[About this task] An exact copy of the data is needed, one that excludes all pictures.

[Information supplied]
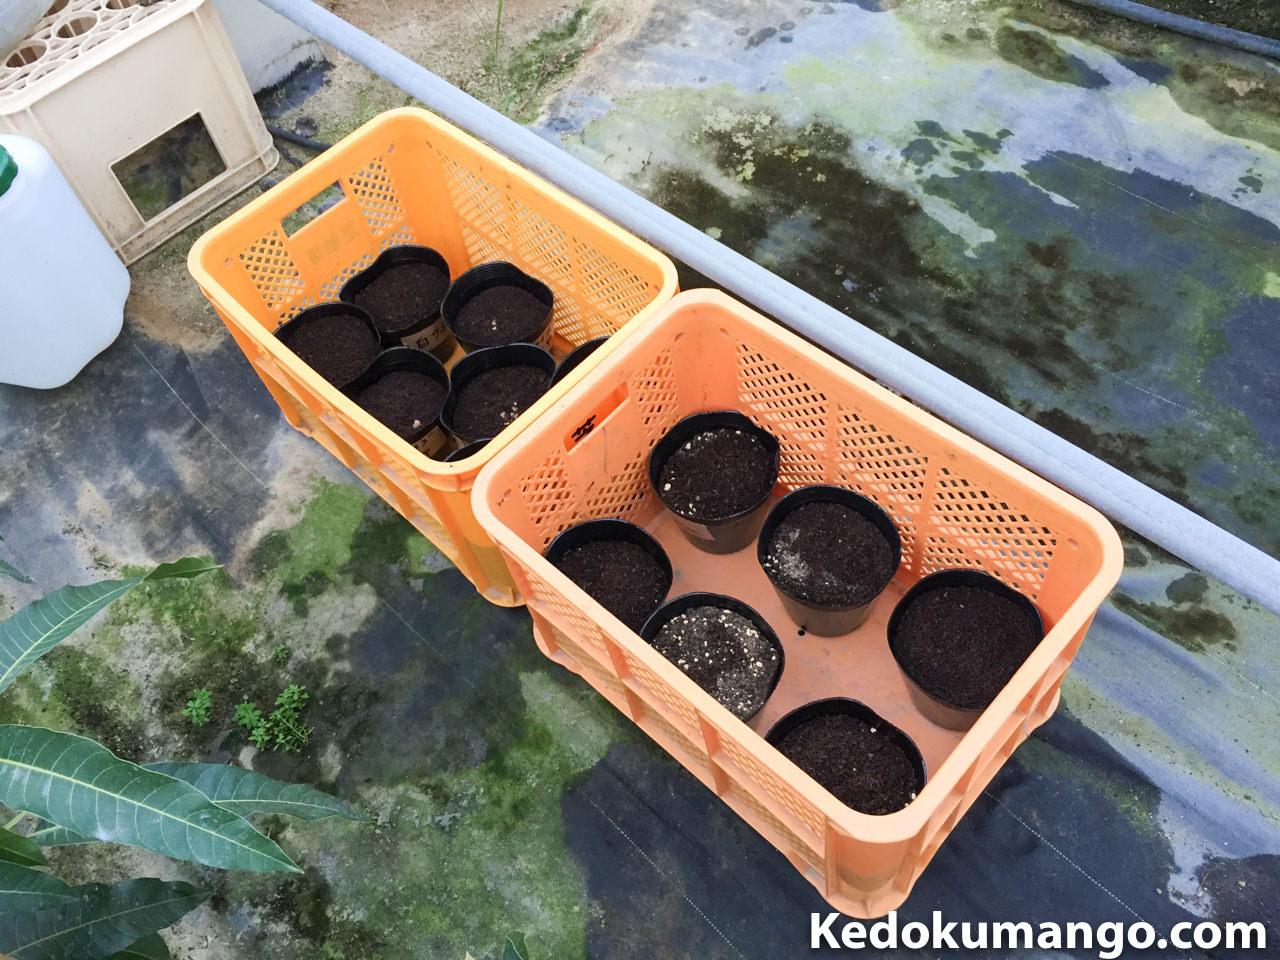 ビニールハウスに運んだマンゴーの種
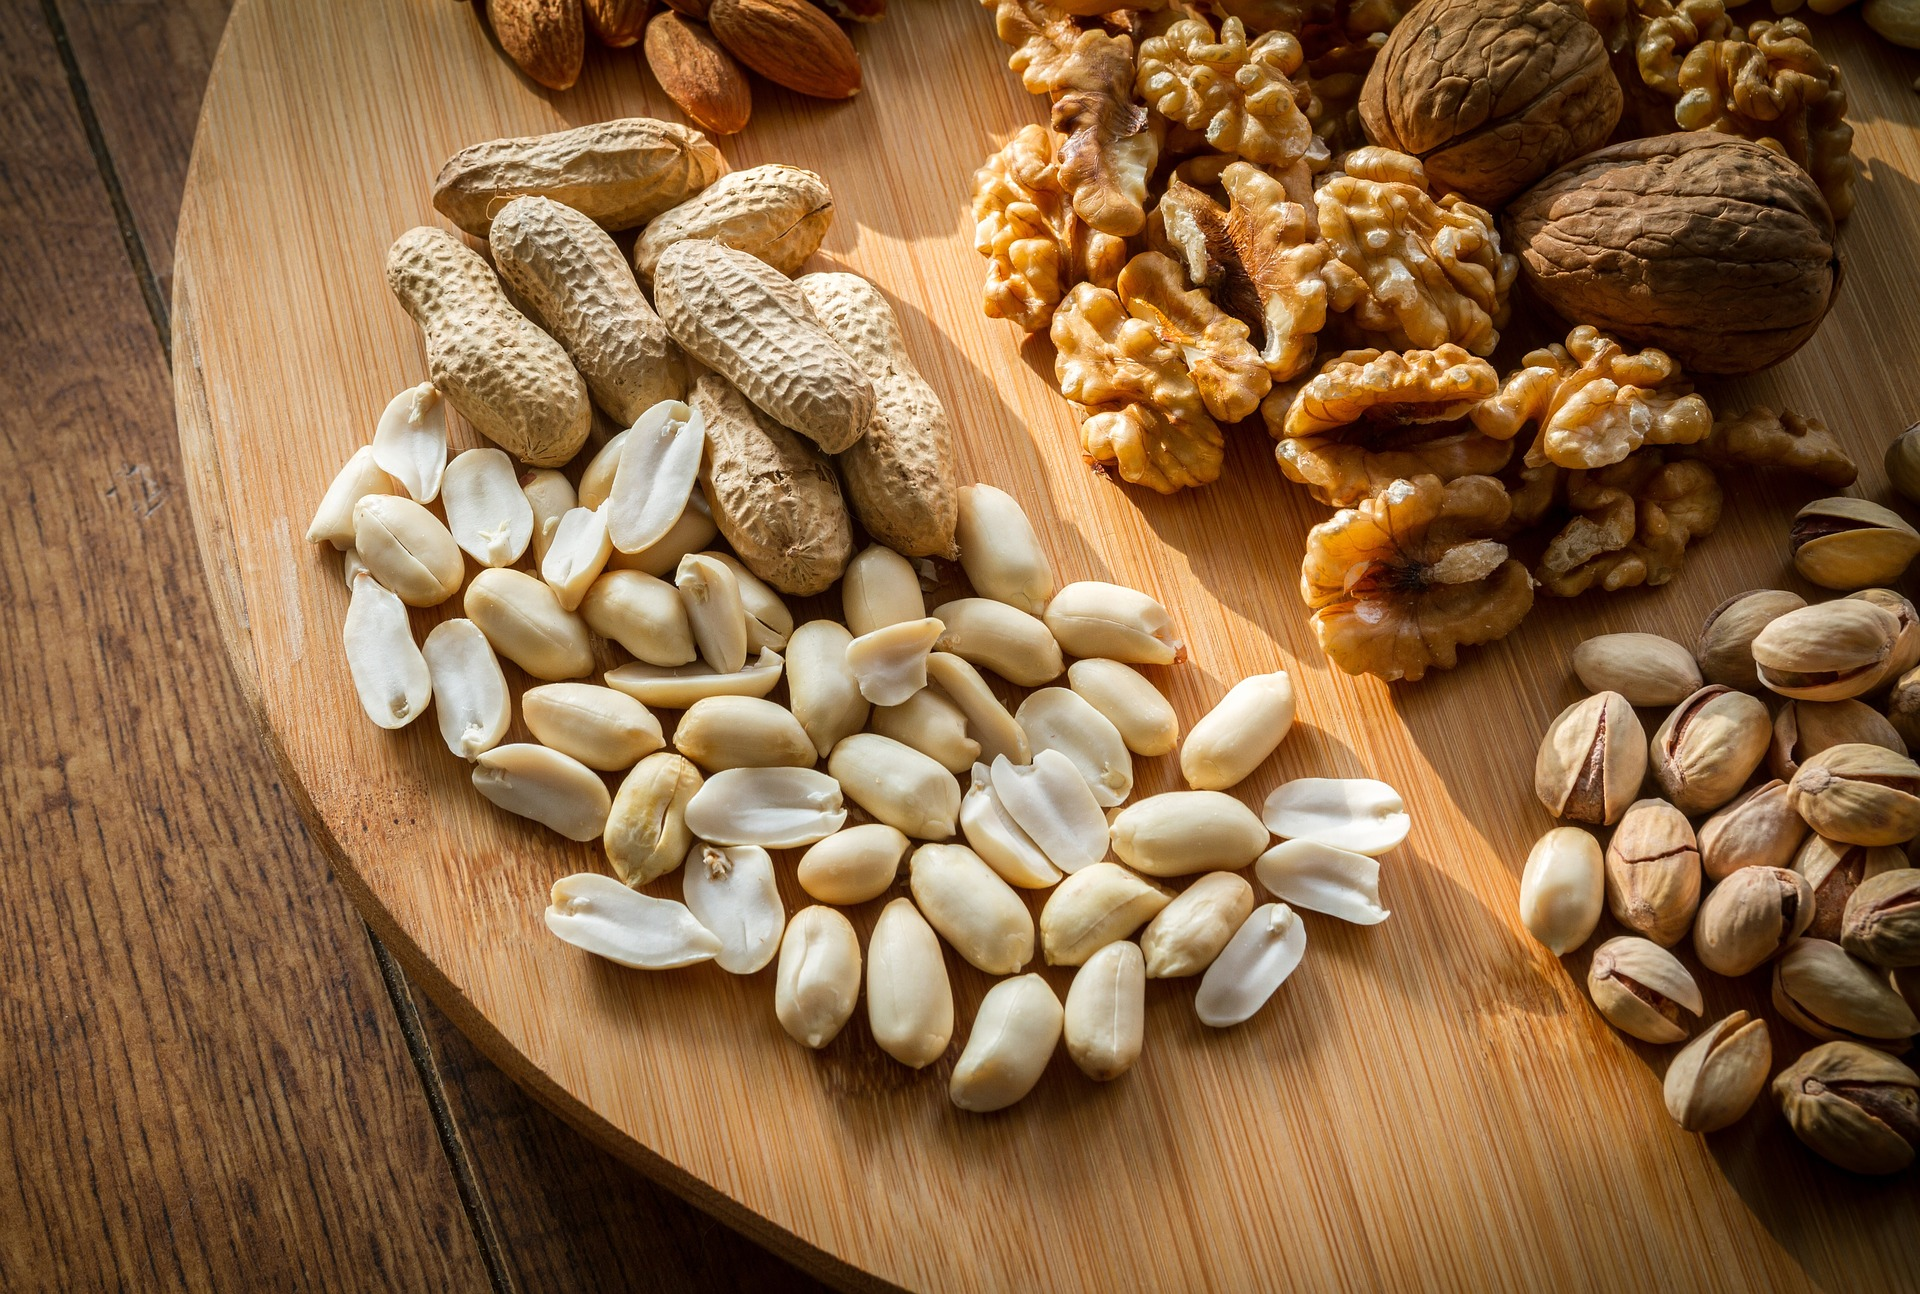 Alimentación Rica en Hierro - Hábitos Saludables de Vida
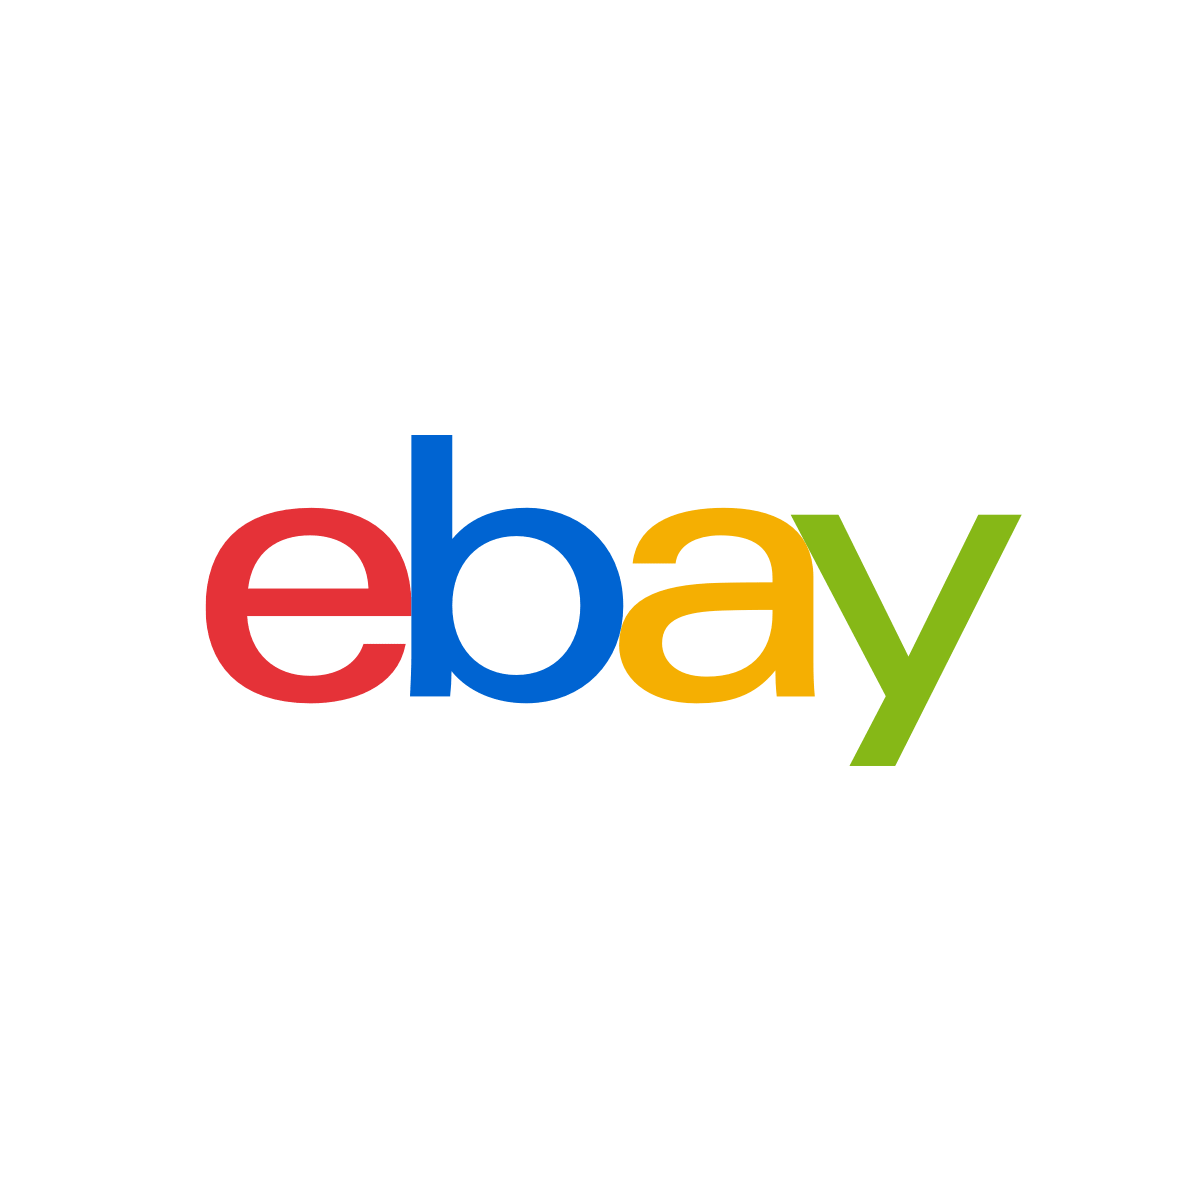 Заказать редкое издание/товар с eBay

[Response below]
 ビニールハウスに運んだマンゴーの種
 Alimentación Rica en Hierro - Hábitos Saludables de Vida
 Заказать редкое издание/товар с eBay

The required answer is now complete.